The mask sound generation unit (9) generates one or more mask sound signals (MS.1, MS.2, MS.3, MS.4) based on one or more room impulse responses. Generating one or more transfer functions from a set (3) of a plurality of audio speakers (4.1... 4.n) to a clear audio zone (CSZ) based on one or more room impulse responses; One or more transfer functions from a set (5) of multiple masked speakers (6.1, 6.2... 6.m) to a clear voice zone (CSZ) based on one or more room impulse responses One or more transmissions from a set (3) of multiple audio speakers (4.1 ... 4.n) to an audio masking zone (MSZ) based on one or more room impulse responses that generate Function, and a plurality of mask sound speakers (6.1, .2... 6.m) configured to generate at least one of one or more transfer functions from the set (5) to the masked voice zone (MSZ) The sound reproducing device according to claim 1, wherein the sound reproducing device is a sound reproducing device.

Voice (SP) so that the voice (SP) reproduced based on the received voice signal (SPS) can be understood in the clear voice zone (CSZ) but not in the voice masking zone (MSZ).

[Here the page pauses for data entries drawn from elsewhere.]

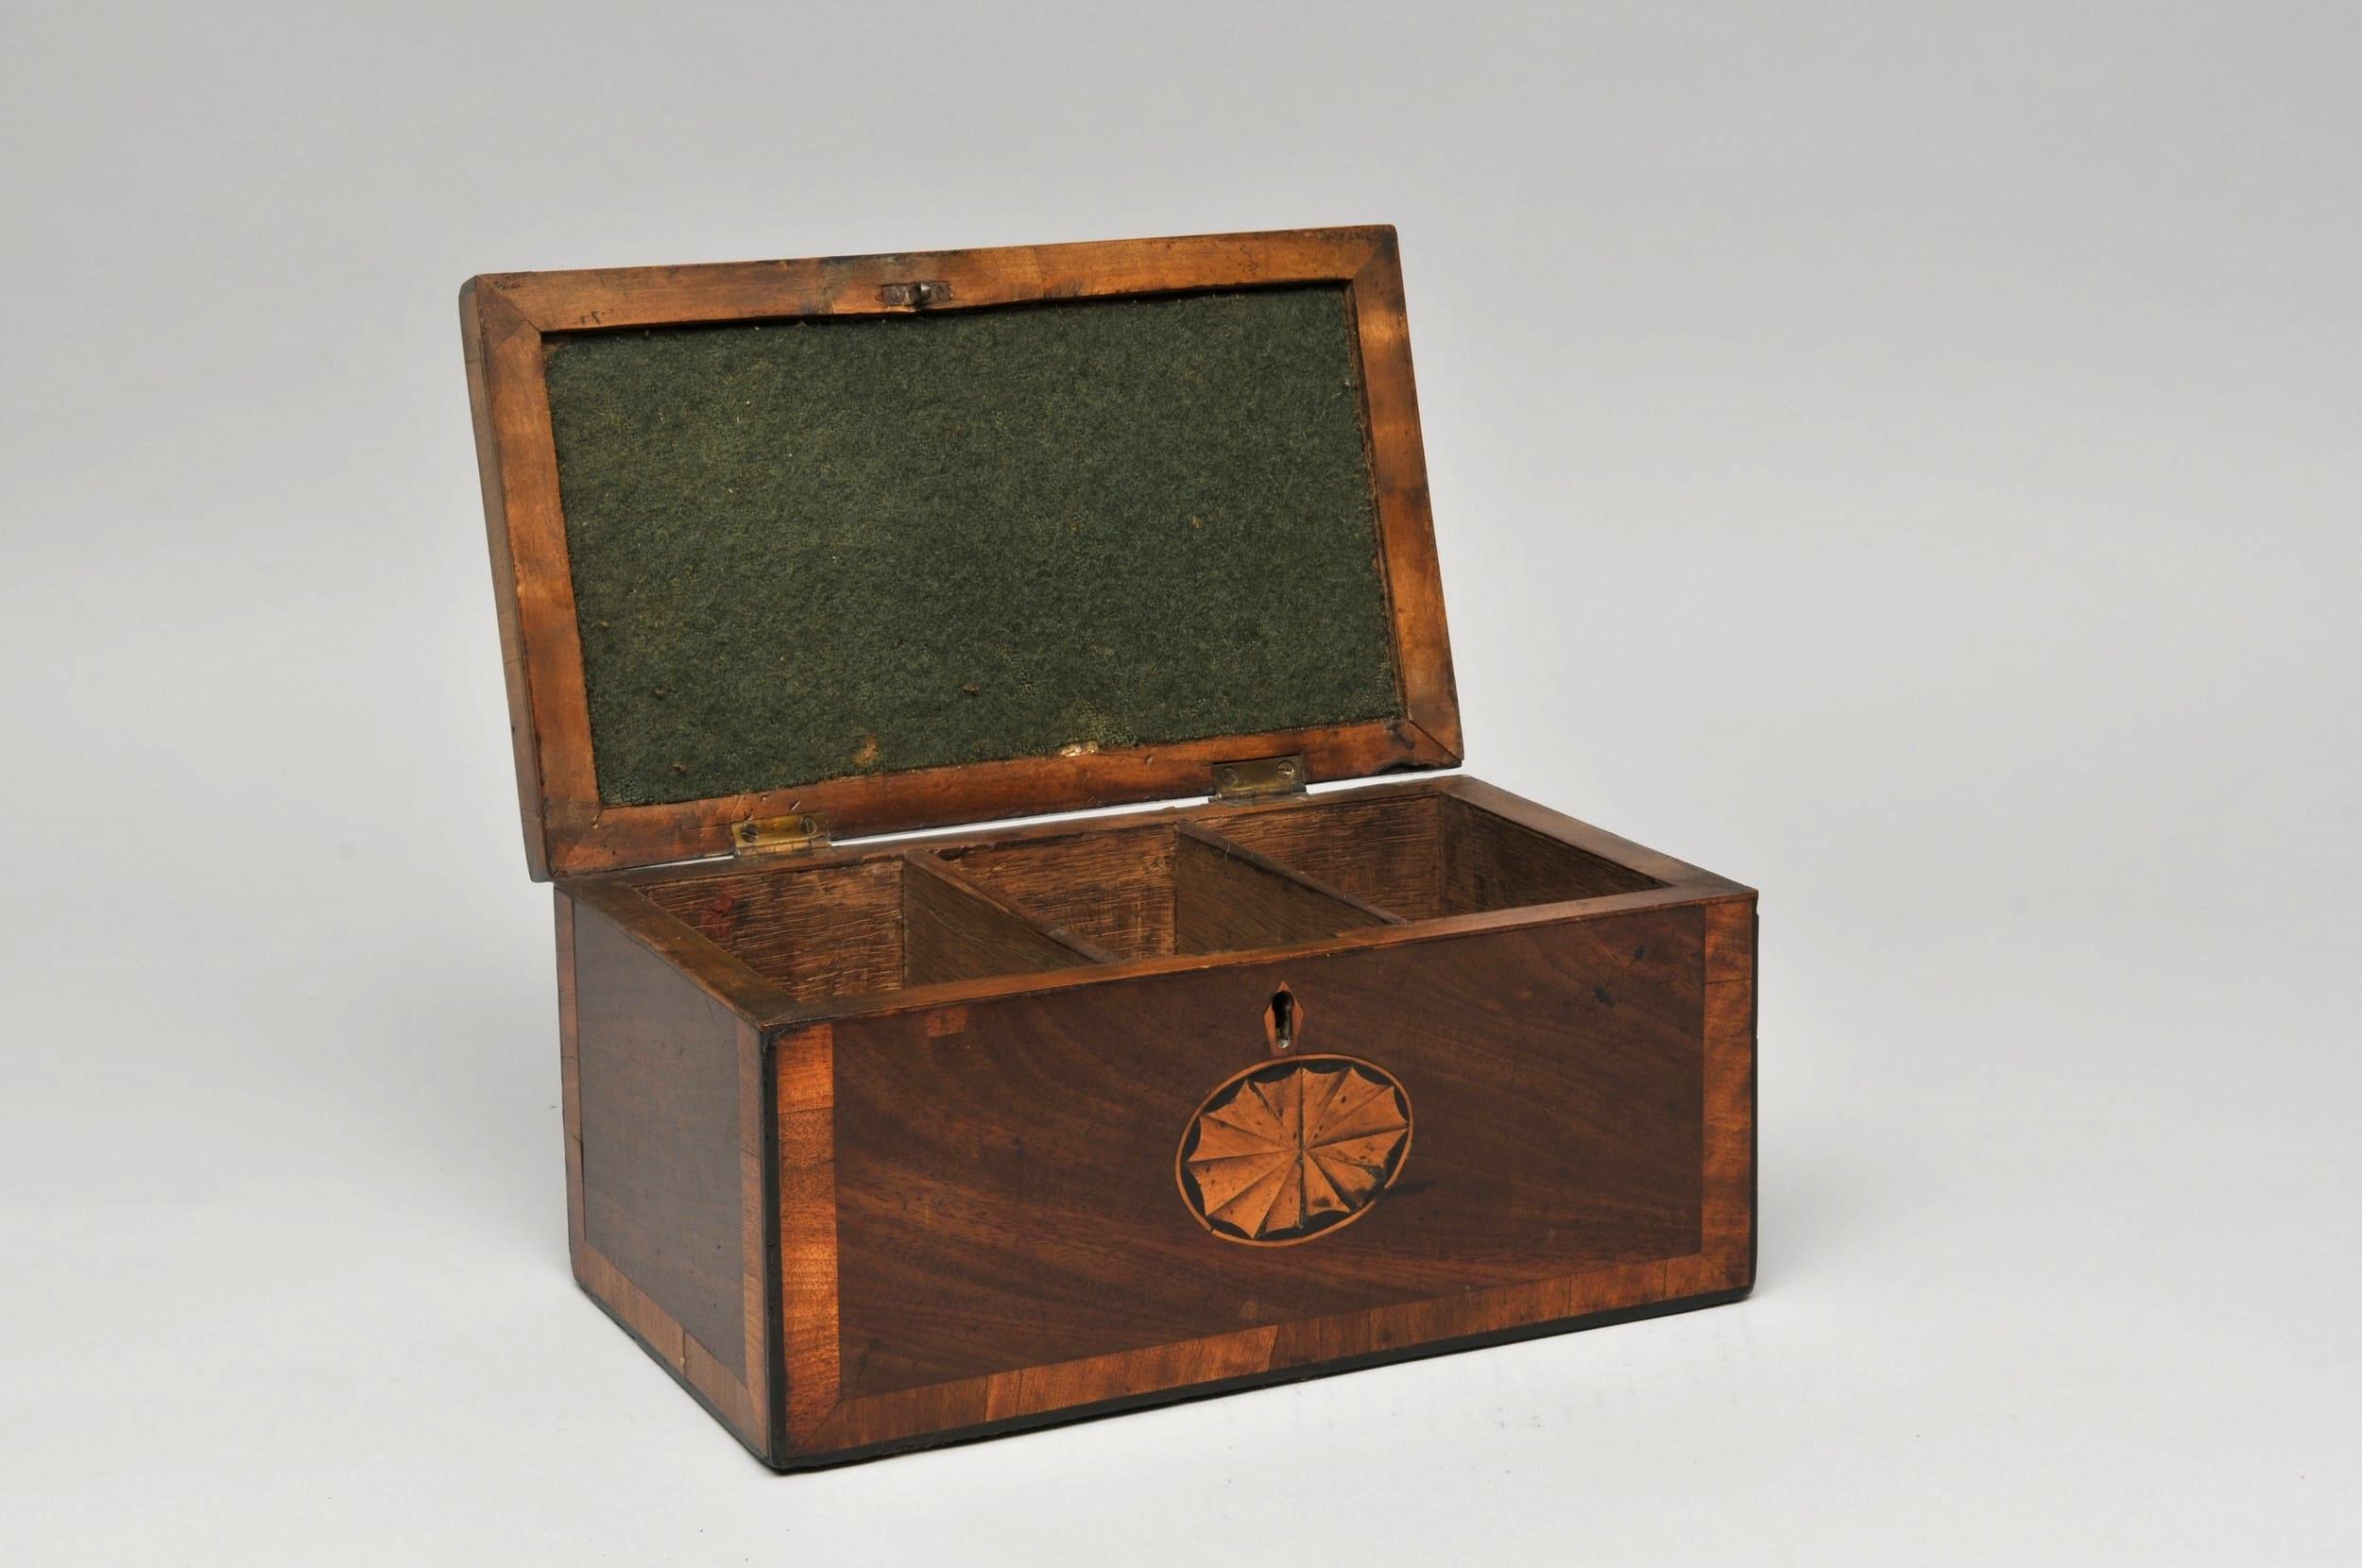 Period tea caddy

Measures: Height 13cm, width 27cm

A beautiful period tea caddy with cross banding and star inlay.

Although wooden tea caddies were made early in the 18th century, it is not until the second half of the century that they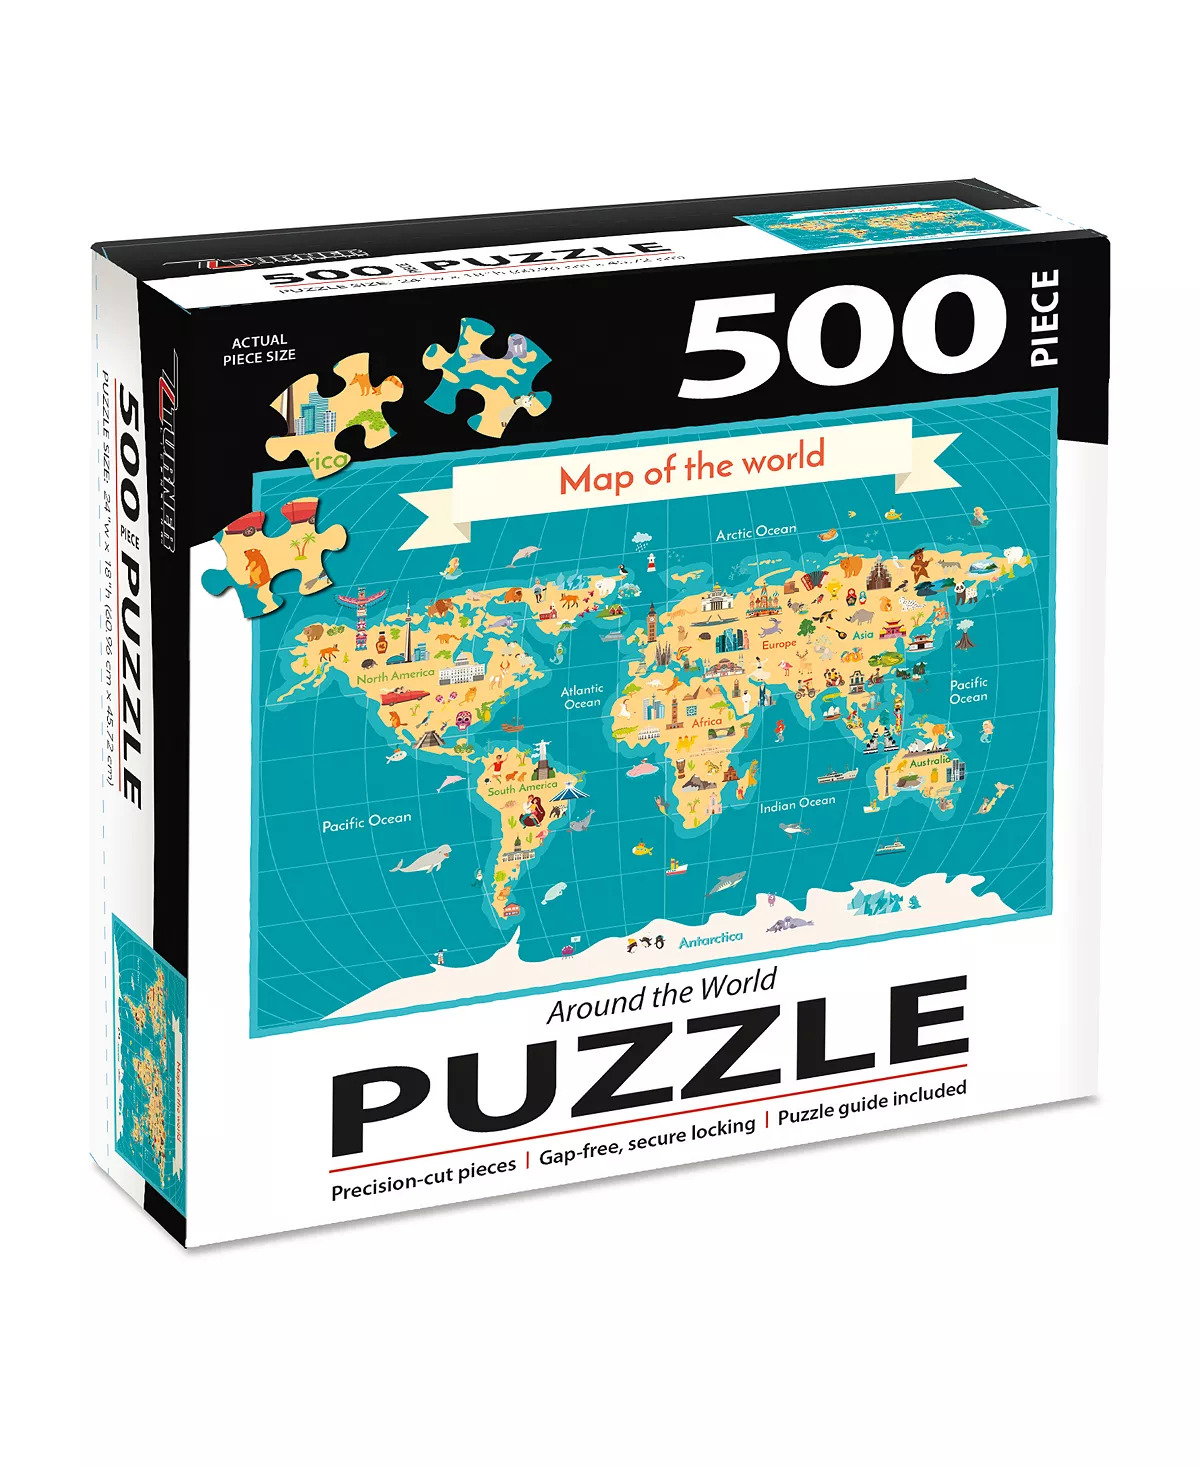 500-Piece Lang Jigsaw Puzzles (Various Styles) $5.93 + SD Cashback + Free Store Pickup at Macy's or FS on $25+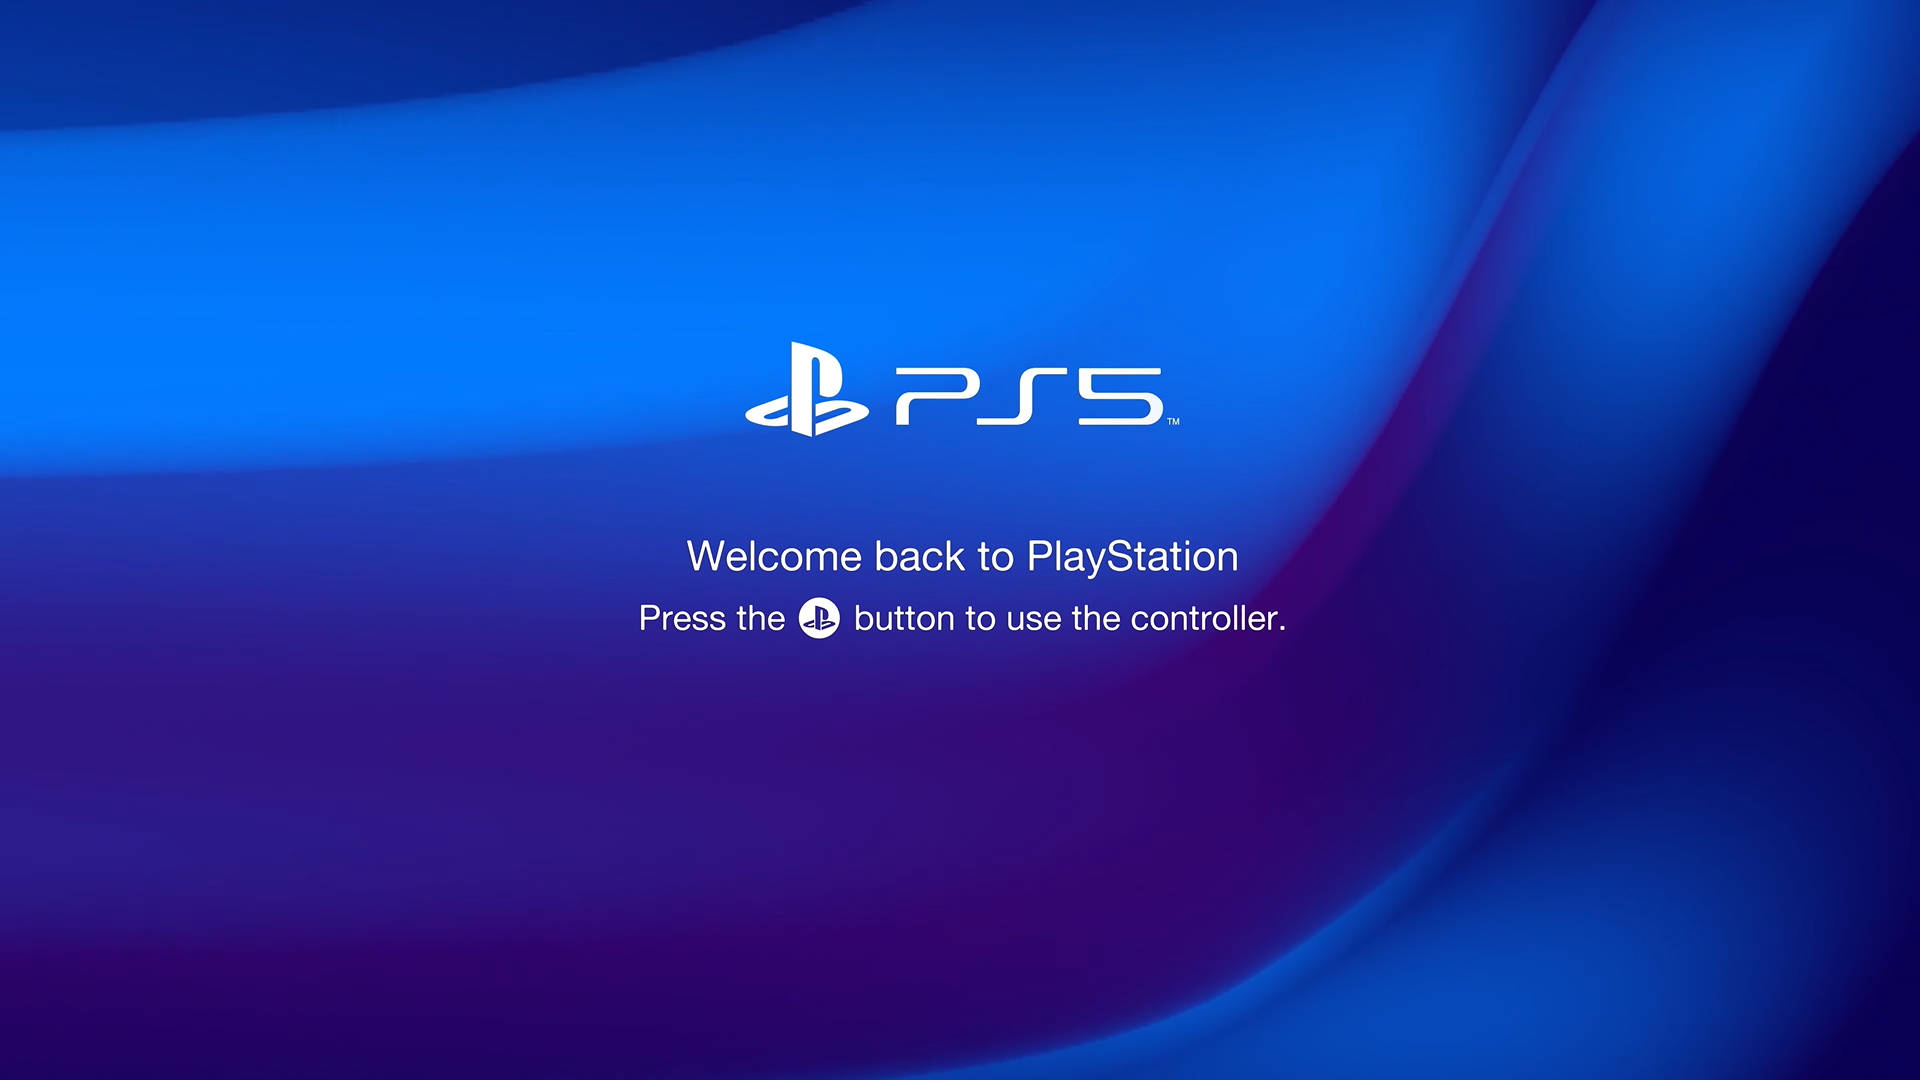 PS5 Welcome Screen Message Wallpaper

The playback method of
The voice signal (SPS) is received by the voice processing module (2),
A sound (SP) is reproduced based on one or more sound speaker signals (S.1... Sn) by a set (3) of a plurality of sound speakers (4.1... 4.n). ,
With the set (5) of multiple Uno mask sound speakers (6.1, 6.2... 6.m), based on one or more mask sound speaker signals, the sound in the sound masking zone (MSZ) ( SP) masking sound (MN) is generated,
One or more audio speaker signals (S.1... Sn) are generated based on the audio signal (SPS) by the audio speaker signal generation unit (7) of the audio processing module (2).
The audio signal analysis module (8) of the audio processing module (2) converts one or more analysis signals (AS) based on at least one of spectral and temporal characteristics of the audio signal (SPS). Generate
One or more mask sound signals (MS.1, MS.2, MS.3) are generated based on the one or more analysis signals (AS) by the mask sound generation unit (9) of the sound processing module (2). , MS.4)
Based on the one or more mask sound signals (MS.1, MS.2, MS.3, MS.4) by the mask sound speaker signal generation unit (10) of the sound processing module (2). A sound (SP) reproduction method characterized by generating the above mask sound speaker signals (M.1, M.2,... M.m).

21. A computer program that executes the method of claim 20 by running on a processor.